::: Given data :::

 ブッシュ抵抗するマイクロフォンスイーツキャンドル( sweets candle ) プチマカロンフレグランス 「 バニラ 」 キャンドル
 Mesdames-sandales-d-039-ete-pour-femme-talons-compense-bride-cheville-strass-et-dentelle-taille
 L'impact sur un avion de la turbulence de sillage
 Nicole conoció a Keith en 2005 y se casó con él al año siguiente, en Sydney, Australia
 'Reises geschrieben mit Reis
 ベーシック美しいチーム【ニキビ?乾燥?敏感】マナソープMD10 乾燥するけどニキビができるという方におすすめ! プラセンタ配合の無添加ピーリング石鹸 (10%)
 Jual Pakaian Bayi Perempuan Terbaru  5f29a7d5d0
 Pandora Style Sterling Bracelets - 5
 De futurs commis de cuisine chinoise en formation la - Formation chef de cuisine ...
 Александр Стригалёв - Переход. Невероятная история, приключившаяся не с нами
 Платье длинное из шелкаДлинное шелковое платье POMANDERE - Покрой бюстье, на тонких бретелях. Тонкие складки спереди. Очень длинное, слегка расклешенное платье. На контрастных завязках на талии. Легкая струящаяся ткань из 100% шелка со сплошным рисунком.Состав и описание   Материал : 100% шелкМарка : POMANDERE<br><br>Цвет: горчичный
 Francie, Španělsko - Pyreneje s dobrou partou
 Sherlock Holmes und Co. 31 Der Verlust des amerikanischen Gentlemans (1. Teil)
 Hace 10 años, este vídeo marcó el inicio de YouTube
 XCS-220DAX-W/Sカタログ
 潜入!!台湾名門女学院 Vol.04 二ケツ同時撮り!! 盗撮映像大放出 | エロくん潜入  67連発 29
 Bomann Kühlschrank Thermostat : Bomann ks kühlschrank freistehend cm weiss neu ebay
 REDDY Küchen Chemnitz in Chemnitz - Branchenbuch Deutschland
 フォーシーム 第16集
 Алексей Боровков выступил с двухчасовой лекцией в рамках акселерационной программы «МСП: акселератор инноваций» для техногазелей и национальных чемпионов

:::

-- About this exercise --
All lines from the one that has "Francie, Španělsko - Pyreneje" through the end of the material above should be returned exactly; omit the rest.

-- Expected answer --
 Francie, Španělsko - Pyreneje s dobrou partou
 Sherlock Holmes und Co. 31 Der Verlust des amerikanischen Gentlemans (1. Teil)
 Hace 10 años, este vídeo marcó el inicio de YouTube
 XCS-220DAX-W/Sカタログ
 潜入!!台湾名門女学院 Vol.04 二ケツ同時撮り!! 盗撮映像大放出 | エロくん潜入  67連発 29
 Bomann Kühlschrank Thermostat : Bomann ks kühlschrank freistehend cm weiss neu ebay
 REDDY Küchen Chemnitz in Chemnitz - Branchenbuch Deutschland
 フォーシーム 第16集
 Алексей Боровков выступил с двухчасовой лекцией в рамках акселерационной программы «МСП: акселератор инноваций» для техногазелей и национальных чемпионов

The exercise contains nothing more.